Mining - Chilean Drag-Mill and Rockers
The machinery used for separating gold consisted of the Chilean mill for crushing and grinding after having been broken by hammers, the Tyrolese bowls, the drag-mill, and the Burke rockers.
The Chilean mill was used from ancient times and when it worked it worked, put it relied on precision, which was not always provided. It needed a consistent source of power and adequate water. The millstones could only be cut and shaped by an experienced mason. The mill consisted of two vertical millstones in a watertight base of bed stone. They were attached by a shaft in such a way that they had two motions. They rolled on their edges while rotating clockwise on the shaft. As the mill crushed the rock, water was introduced that would wash away the ore and allow the heavier gold to sink to the bottom. At that point the amalgamation process was begun.
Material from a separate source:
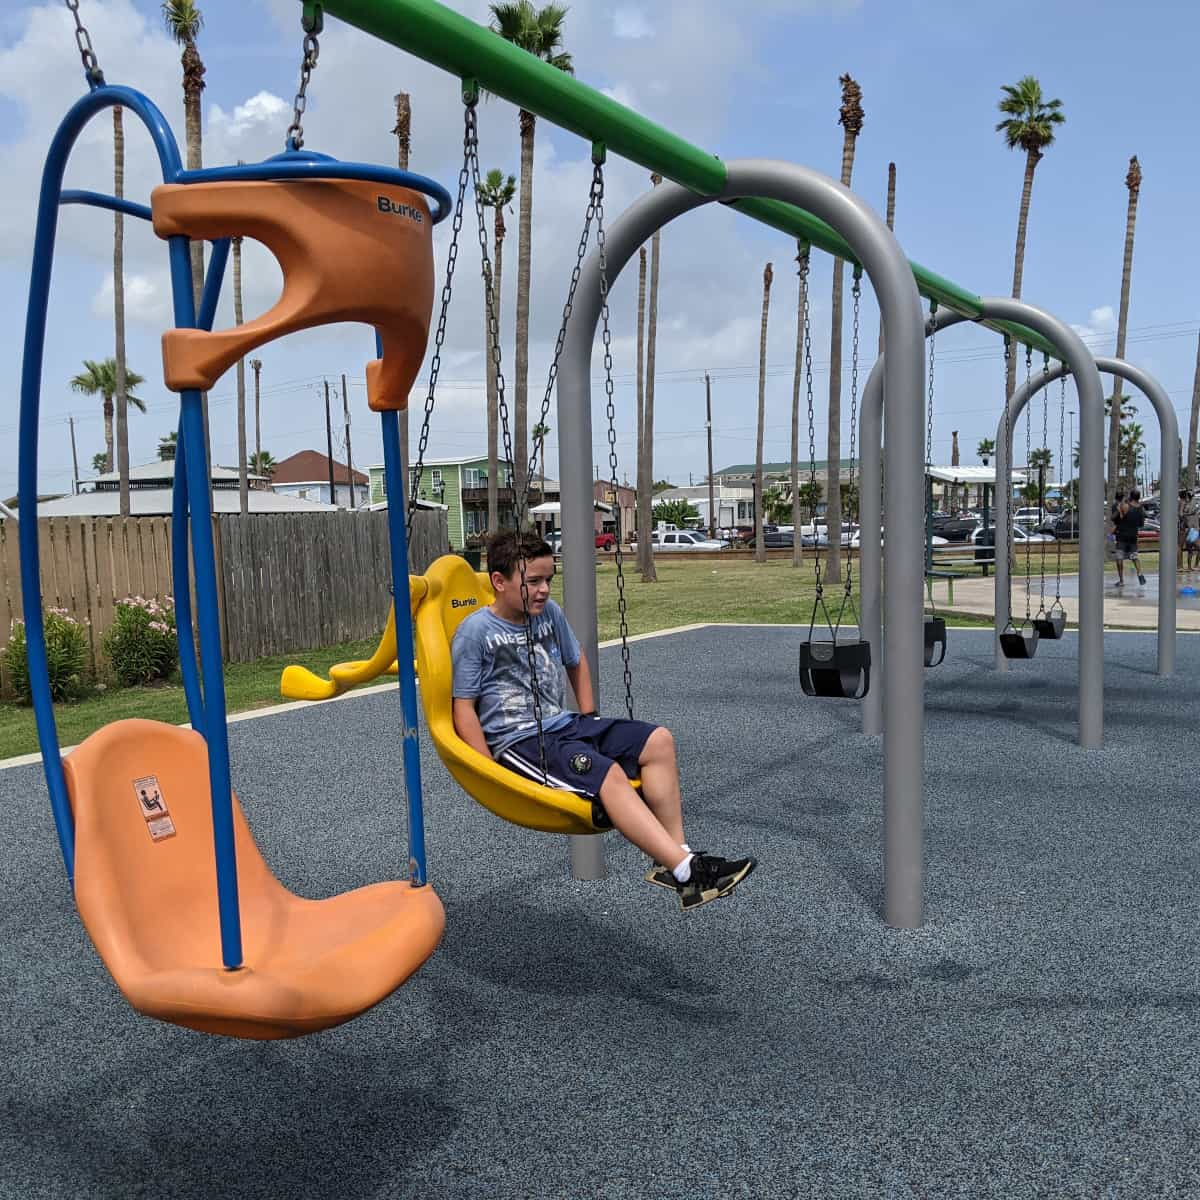 Menard Park Galveston Swings
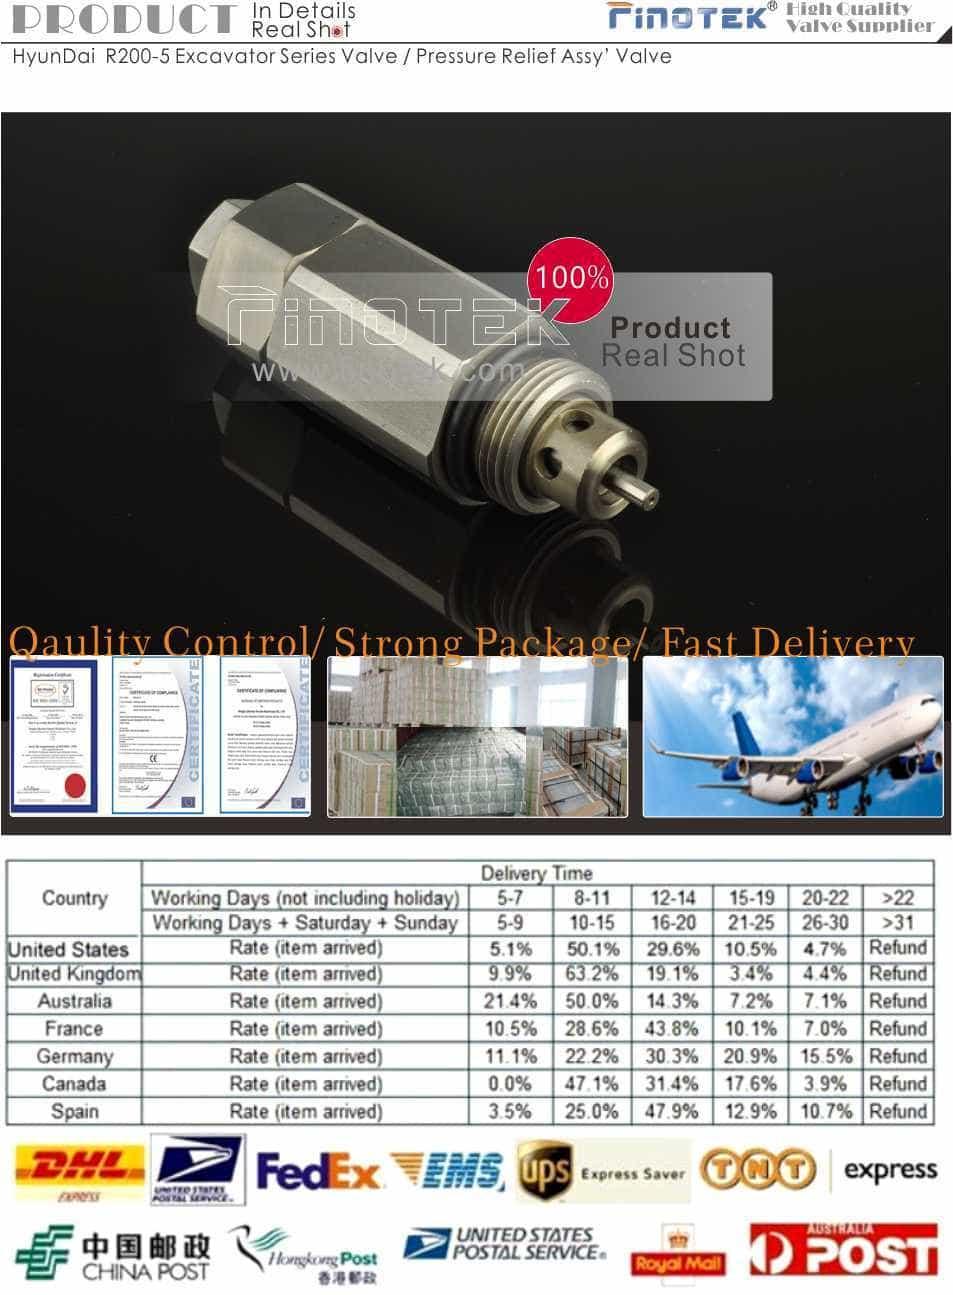 Hyundai-escavadora-Valve-R210-5, R210-6 válvula de controlo principal

Quicksilver lined the base of the mill and the gold amalgamated with the quicksilver, which was then baked in a retort and the quicksilver separated out again. After that the gold was formed into bars and taken to the mint. The work for a Chilean mill was 70 bushels of ore a day and the mills ran for 24 hours.
The drag mill was an inexpensive mill, but more efficient at removing gold from ore. The main drawback of the drag mill was the time it took to grind the ore to powder. The ore was crushed, decomposed in “stirrers,” passed into the Tyrolese bowls, which after a sudden half revolution allowed the sand to run off with the water and leave the gold in the bottom. The resultant mud then went on to the rocker cradles for the amalgamation process.
No. 2102 – published by Theodore Buerbaum, Salisbury, N.C. – Germany.
Nitze, Henry B. C. and H.A.J. Wilkens Gold Mining in North Carolina: and Adjacent South Appalachian Regions Raleigh, N.C.: Guy V. Barnes, Public Printer, 1897 (North Carolina Geological Survey Bulletin #10)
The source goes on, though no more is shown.